The 3D compressible and incompressible Euler equations with a physical vacuum
free boundary condition and affine initial conditions reduce to a globally
solvable Hamiltonian system of ordinary differential equations for the
deformation gradient in $\rm{GL}^+(3,\mathbb R)$. The evolution of the fluid
domain is described by a family ellipsoids whose diameter grows at a rate
proportional to time. Upon rescaling to a fixed diameter, the asymptotic limit
of the fluid ellipsoid is determined by a positive semi-definite quadratic form
of rank $r=1$, 2, or 3, corresponding to the asymptotic degeneration of the
ellipsoid along $3-r$ of its principal axes. In the compressible case, the
asymptotic limit has rank $r=3$, and asymptotic completeness holds, when the
adiabatic index $\gamma$ satisfies $4/3<\gamma<2$. The number of possible
degeneracies, $3-r$, increases with the value of the adiabatic index $\gamma$.

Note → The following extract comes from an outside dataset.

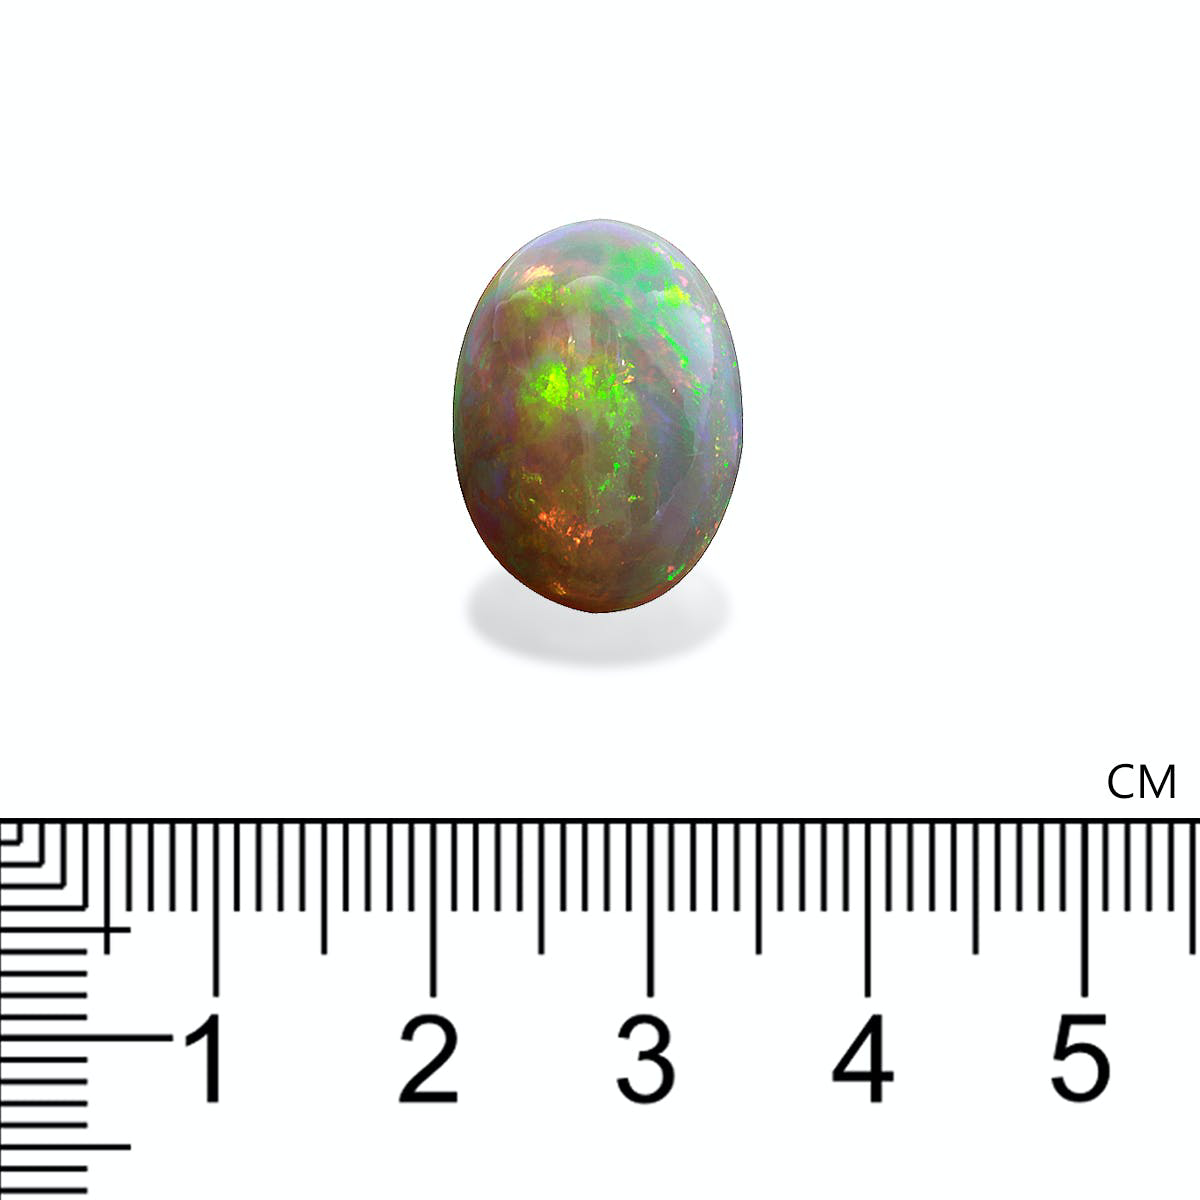 Picture of White Ethiopian Opal 9.22ct (OP0077)

In the incompressible case, affine motion reduces to geodesic flow in
$\rm{SL}(3,\mathbb R)$ with the Euclidean metric. For incompressible affine
swirling flow, there is a structural instability. Generically, when the
vorticity is nonzero, the domains degenerate along only one axis, but the
physical vacuum boundary condition fails over a finite time interval. The
rescaled fluid domains of irrotational motion can collapse along two axes.